Dataset entries
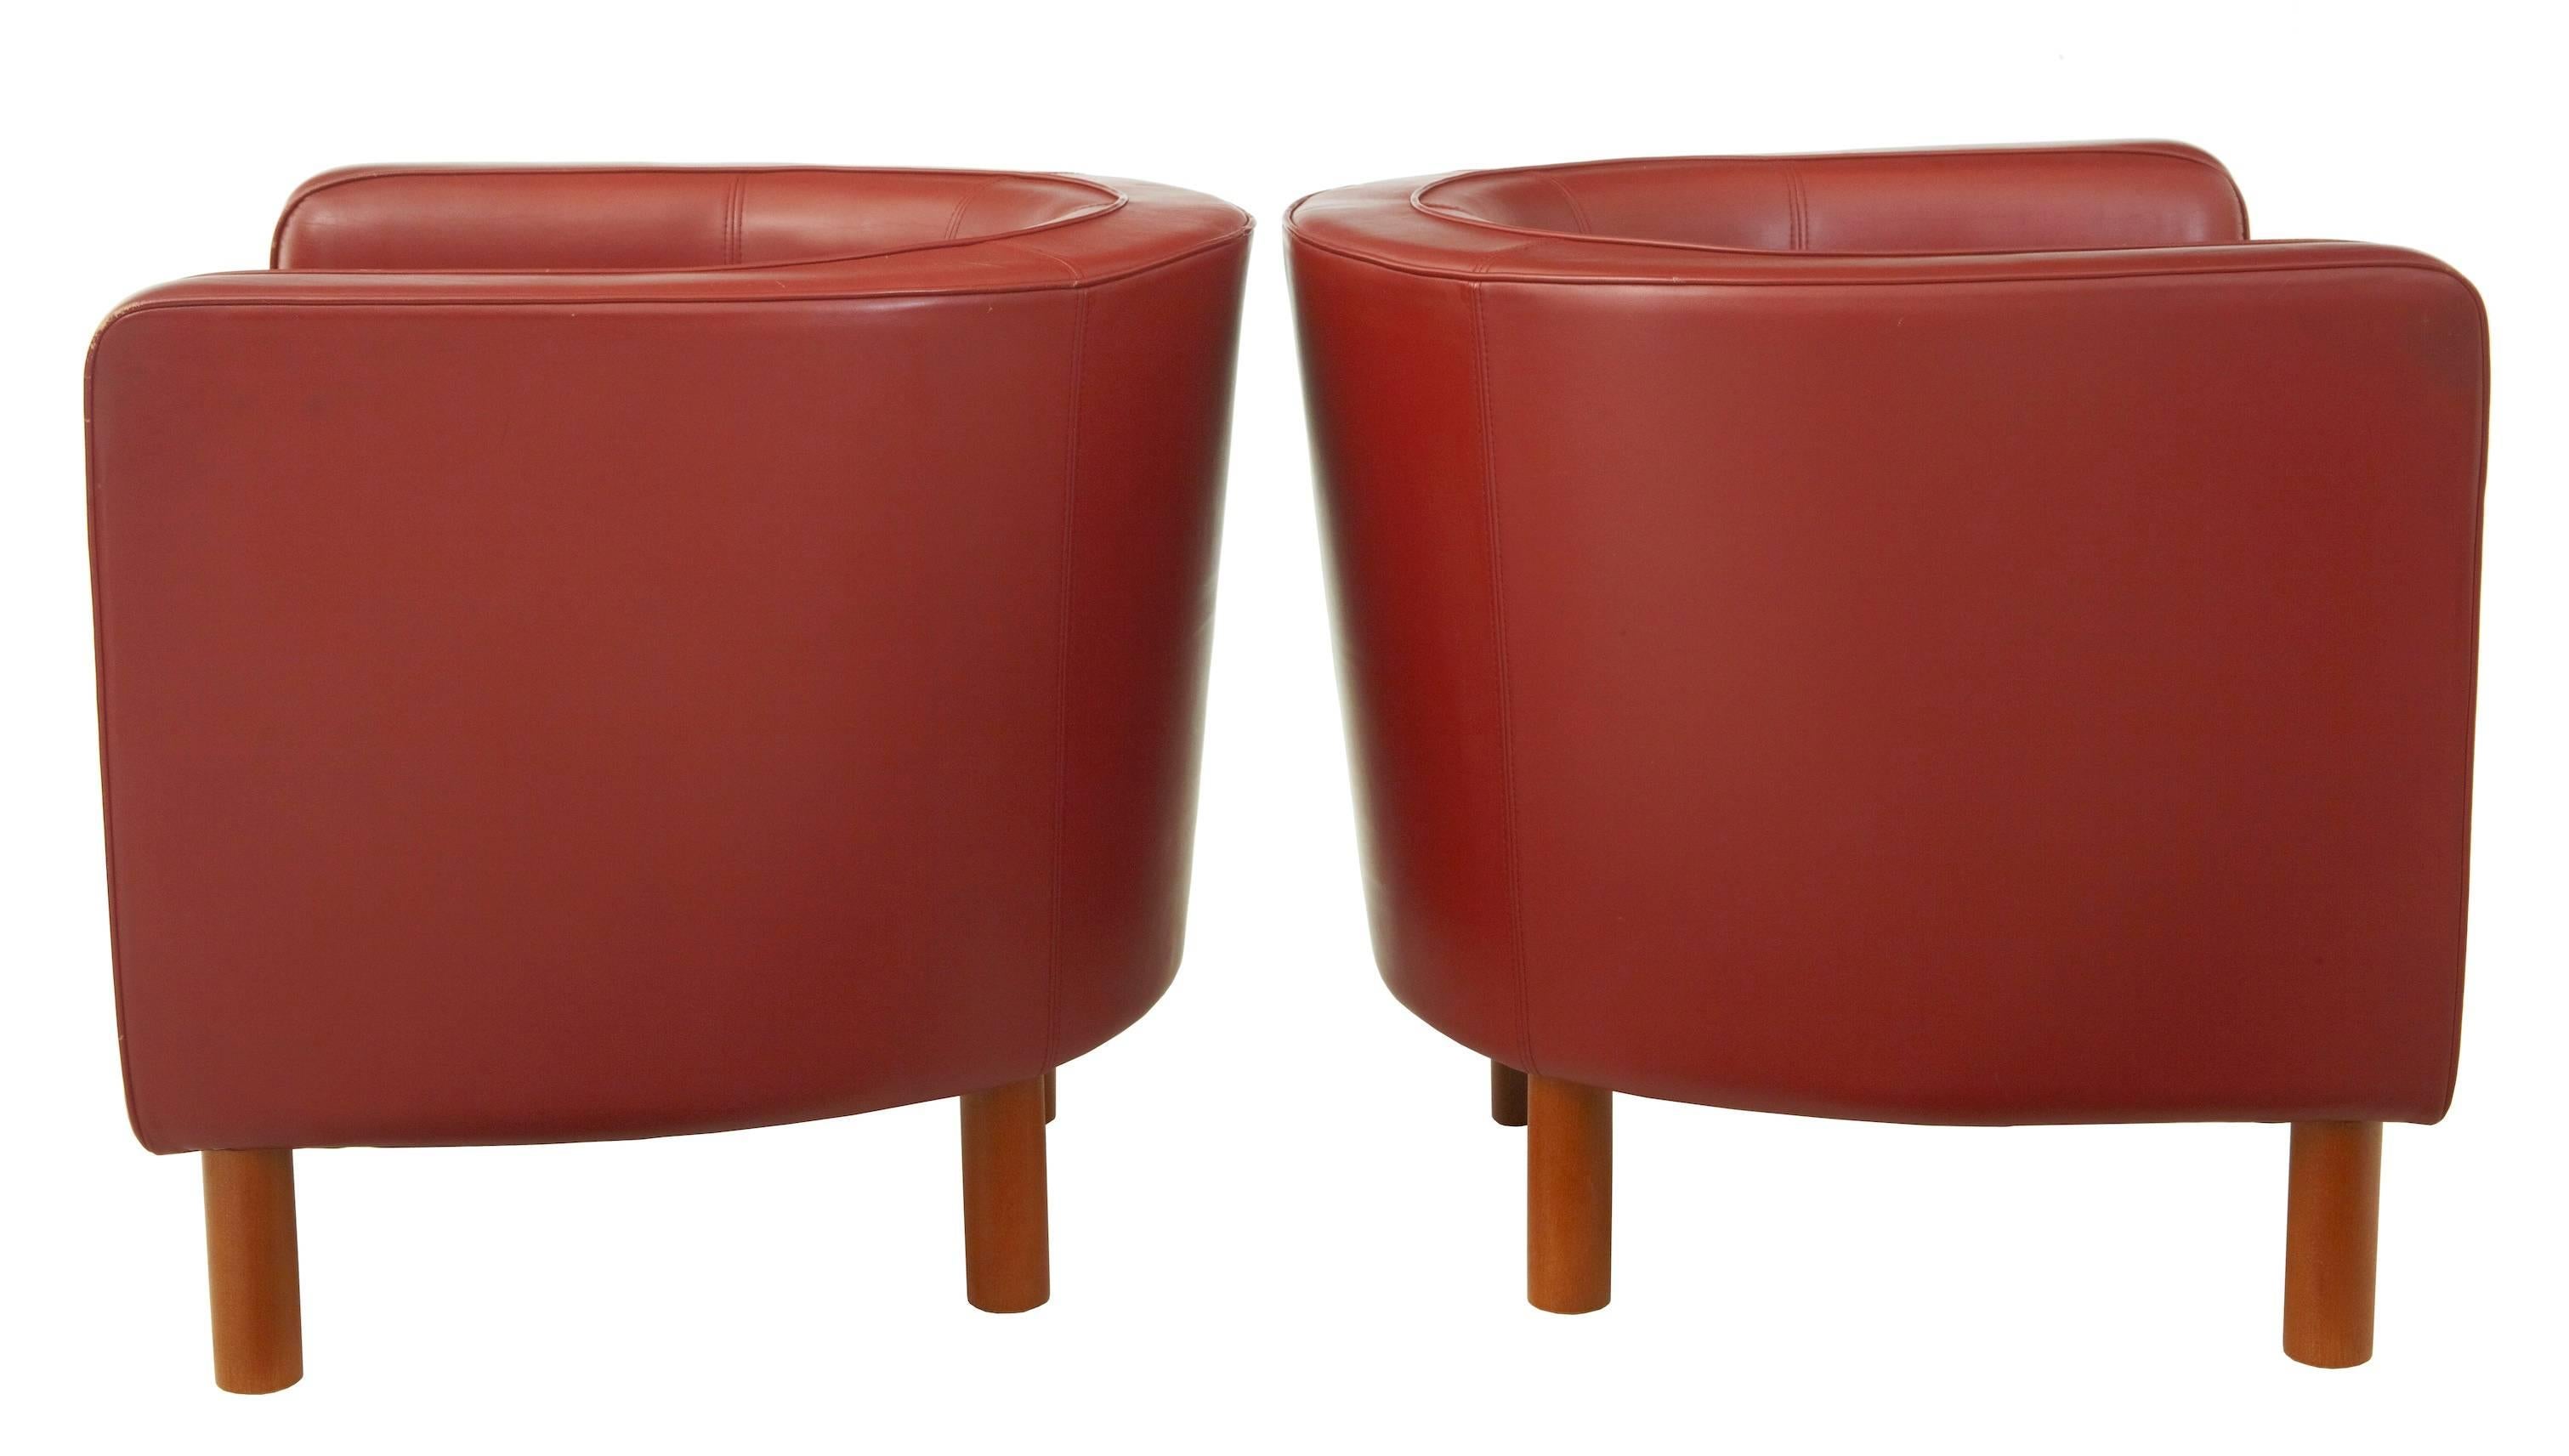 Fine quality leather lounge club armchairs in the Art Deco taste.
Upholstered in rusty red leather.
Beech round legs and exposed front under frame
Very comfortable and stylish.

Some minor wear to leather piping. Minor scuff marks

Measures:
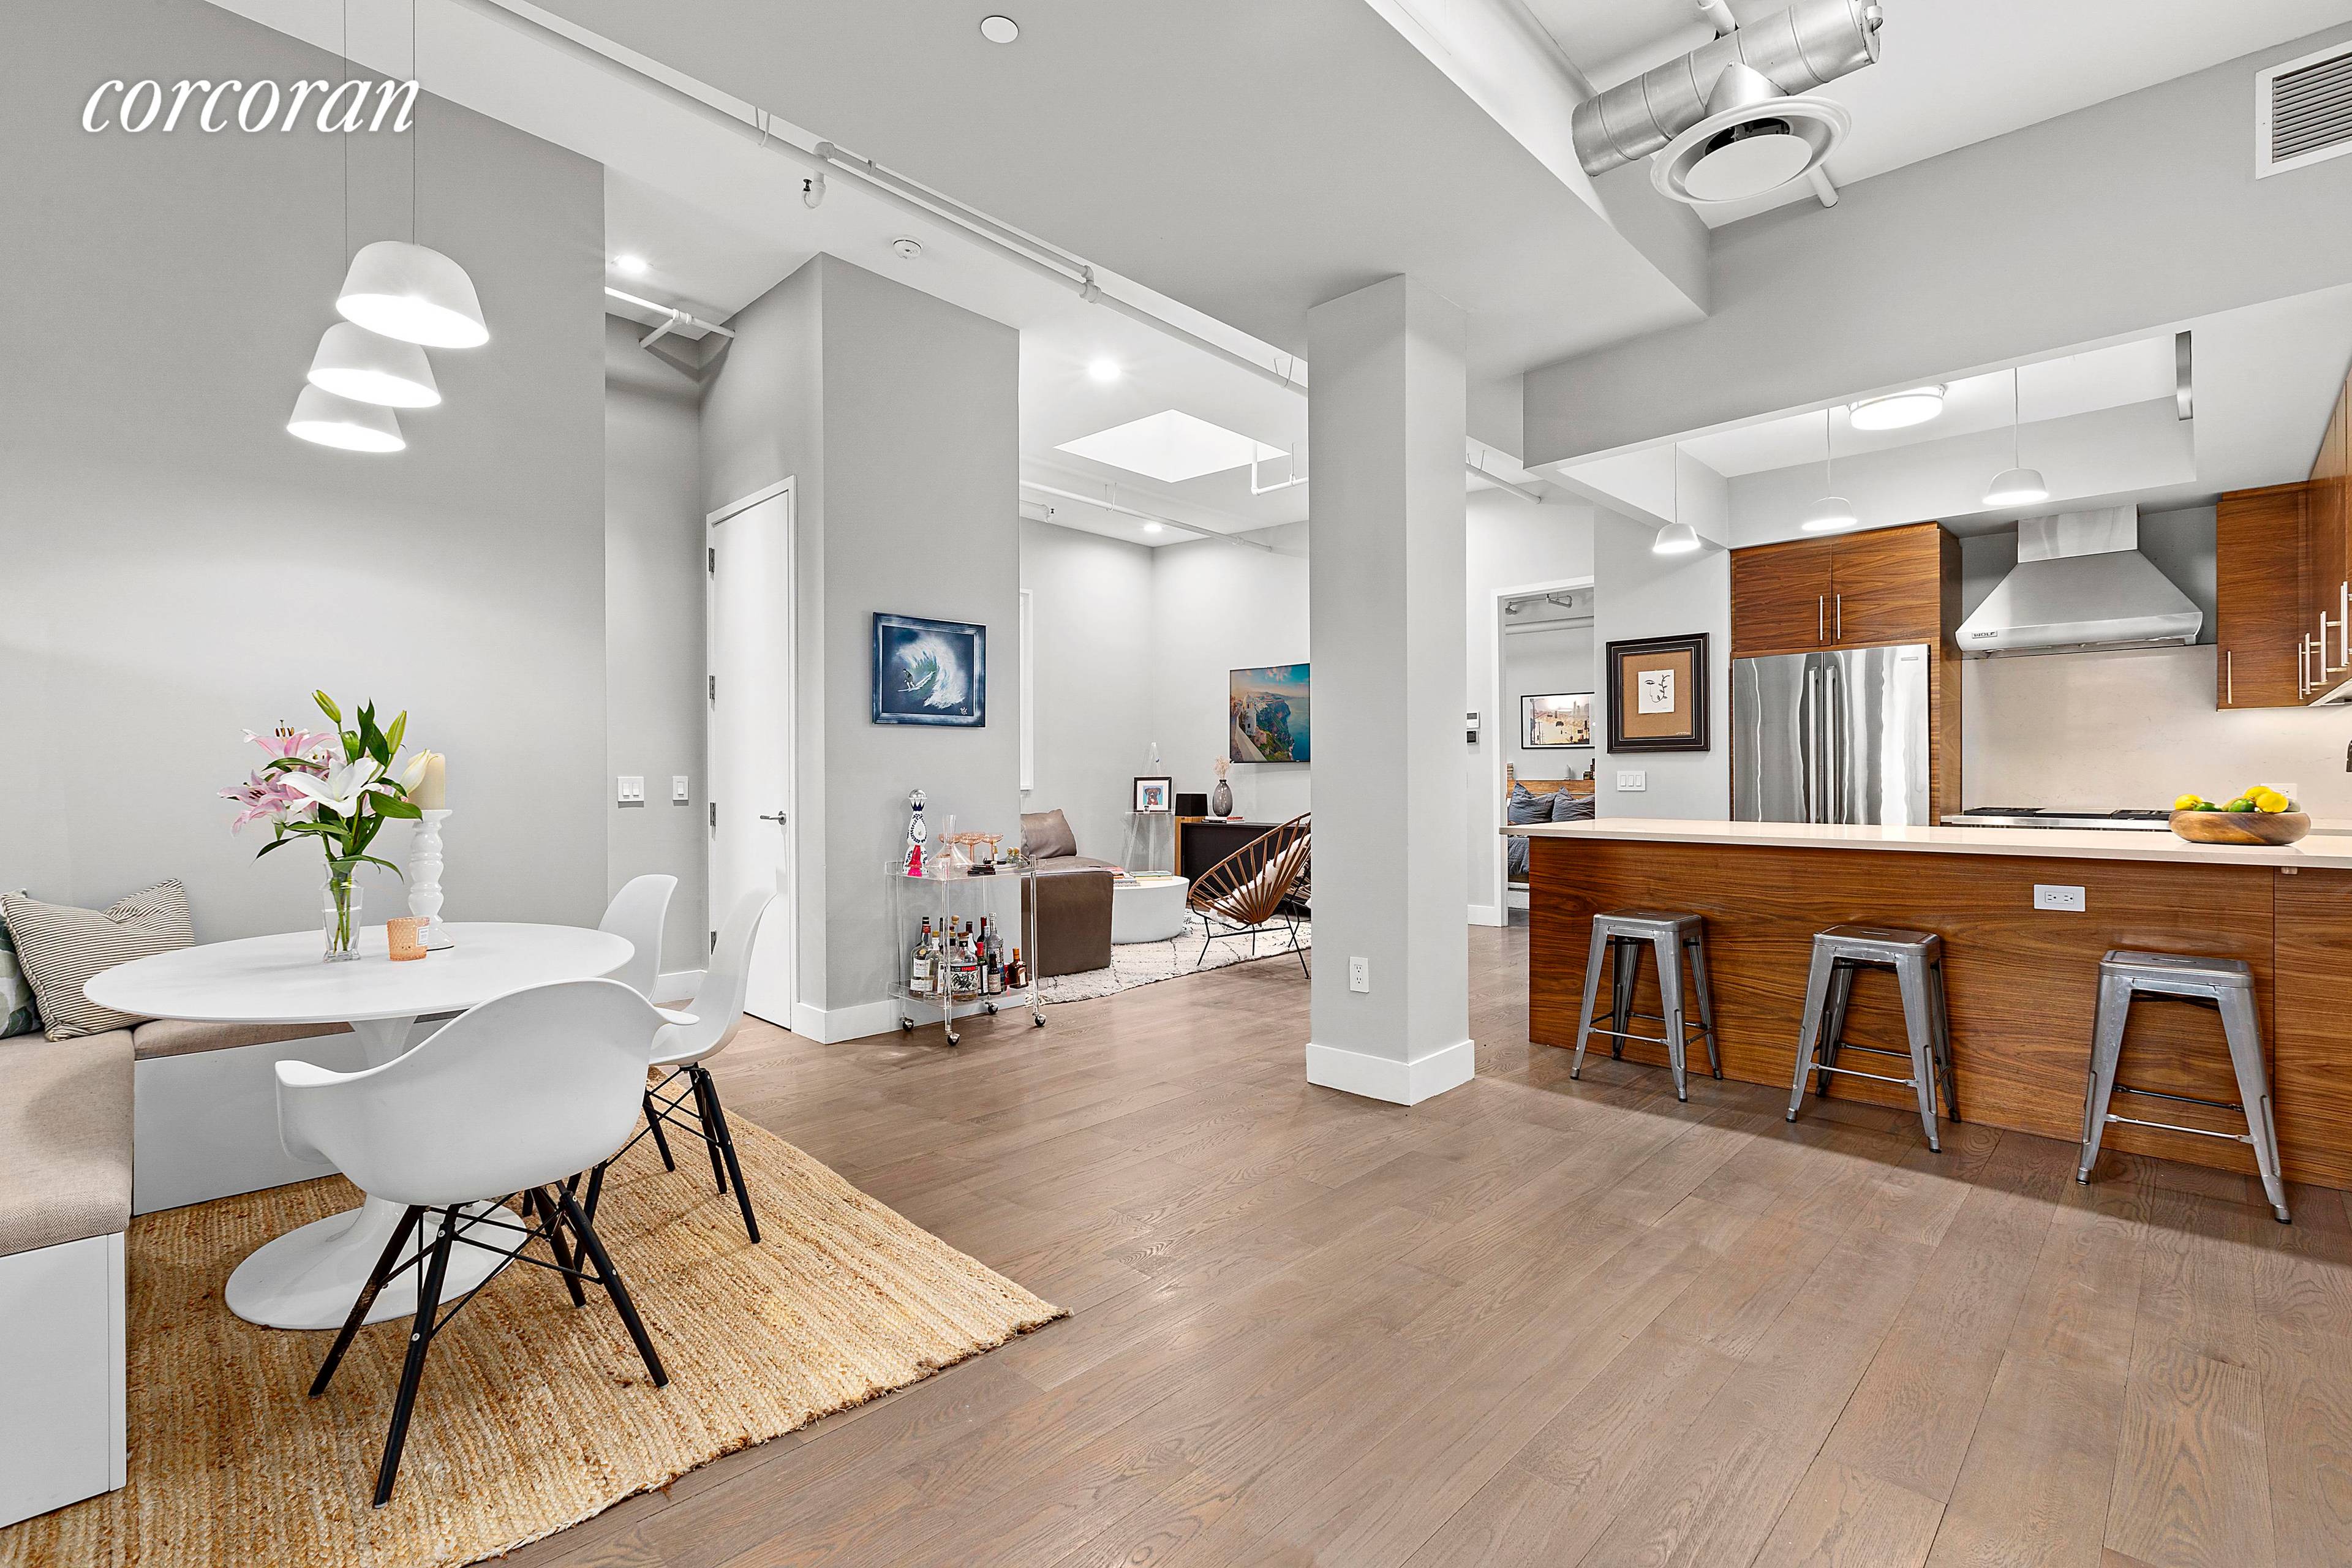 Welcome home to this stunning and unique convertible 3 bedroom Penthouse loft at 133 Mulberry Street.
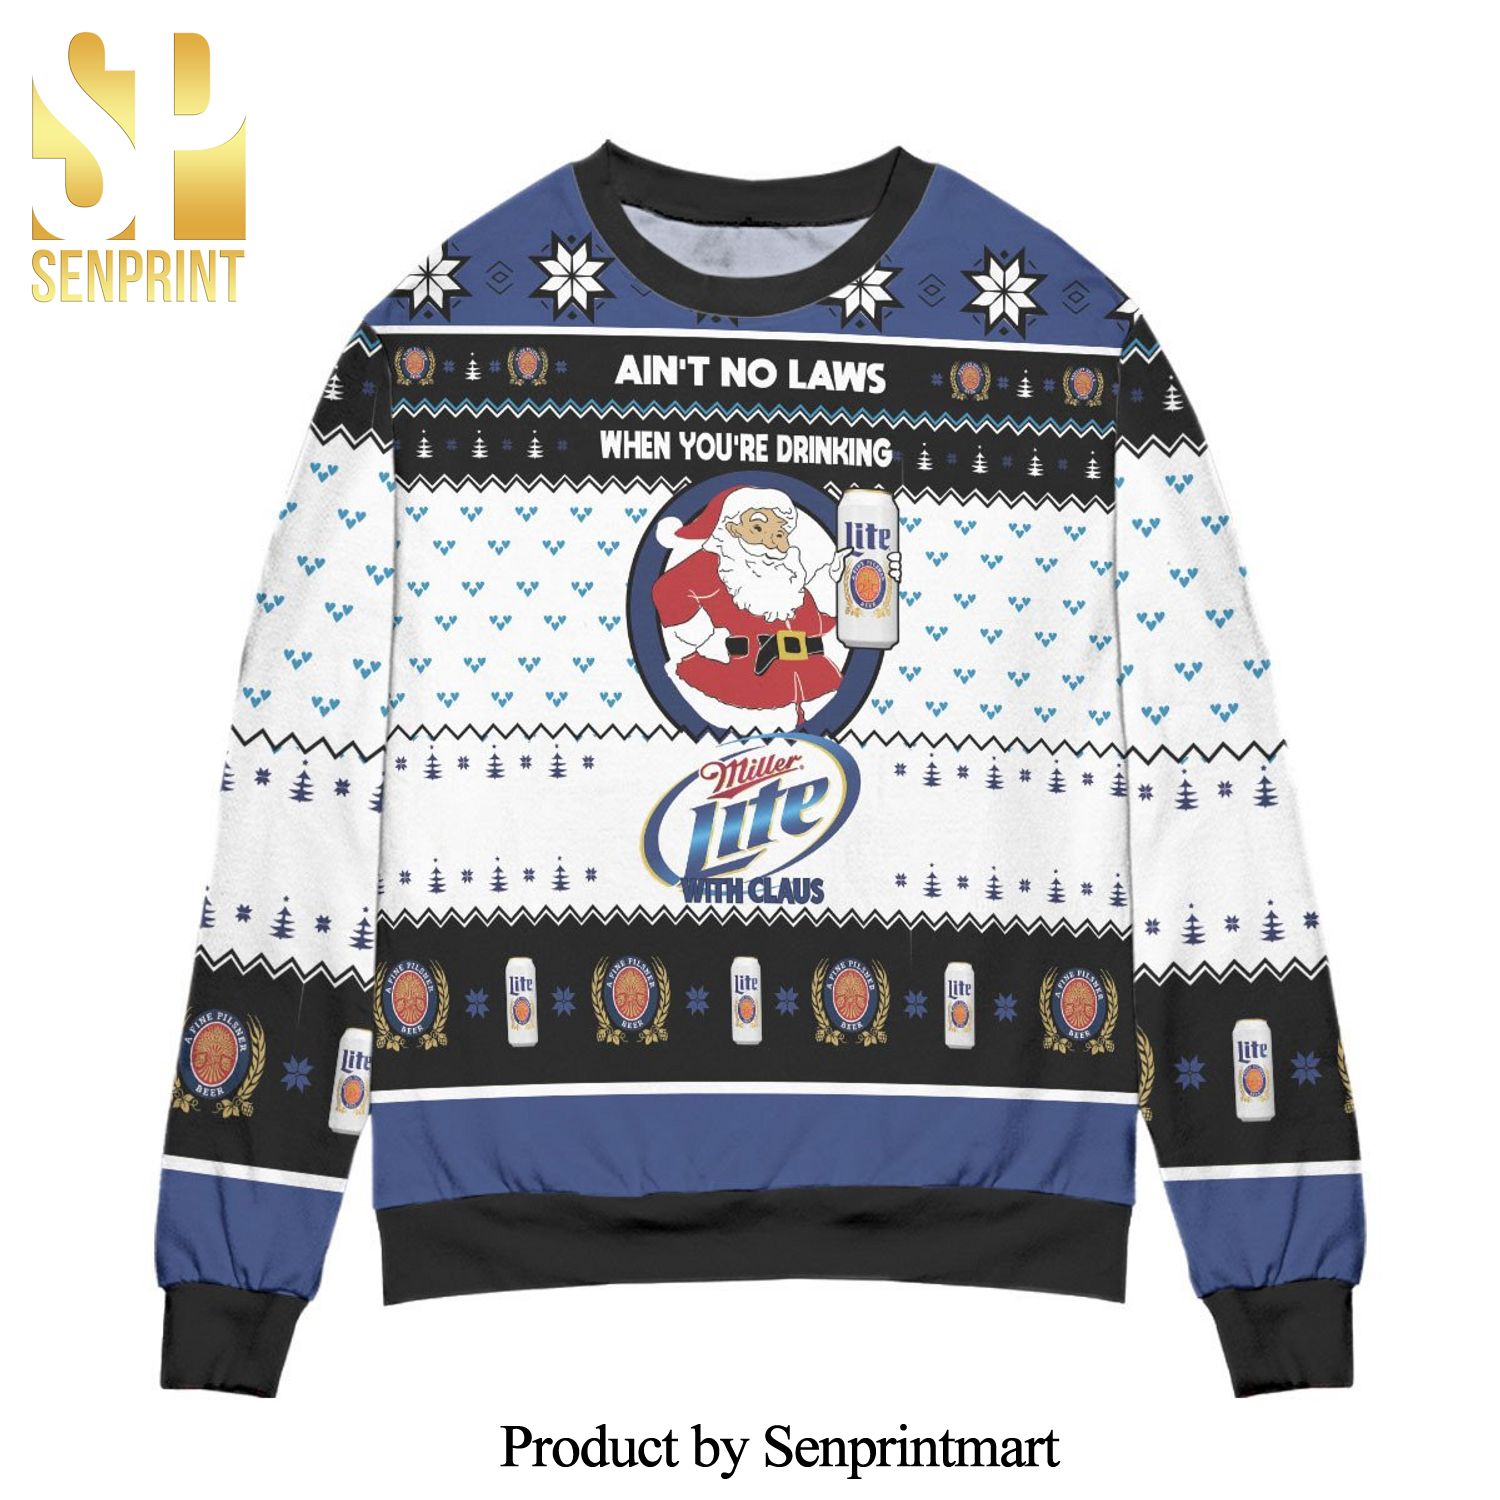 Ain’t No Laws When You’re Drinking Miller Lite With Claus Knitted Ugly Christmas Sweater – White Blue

**HOW TO COMPLETE THIS TASK**.
After locating the line containing "Very comfortable and stylish." in the entries above, repeat only it and each later line through the end, exactly, without any pictures.

**EXERCISE ANSWER**.
Very comfortable and stylish.

Some minor wear to leather piping. Minor scuff marks

Measures:
 Welcome home to this stunning and unique convertible 3 bedroom Penthouse loft at 133 Mulberry Street.
 Ain’t No Laws When You’re Drinking Miller Lite With Claus Knitted Ugly Christmas Sweater – White Blue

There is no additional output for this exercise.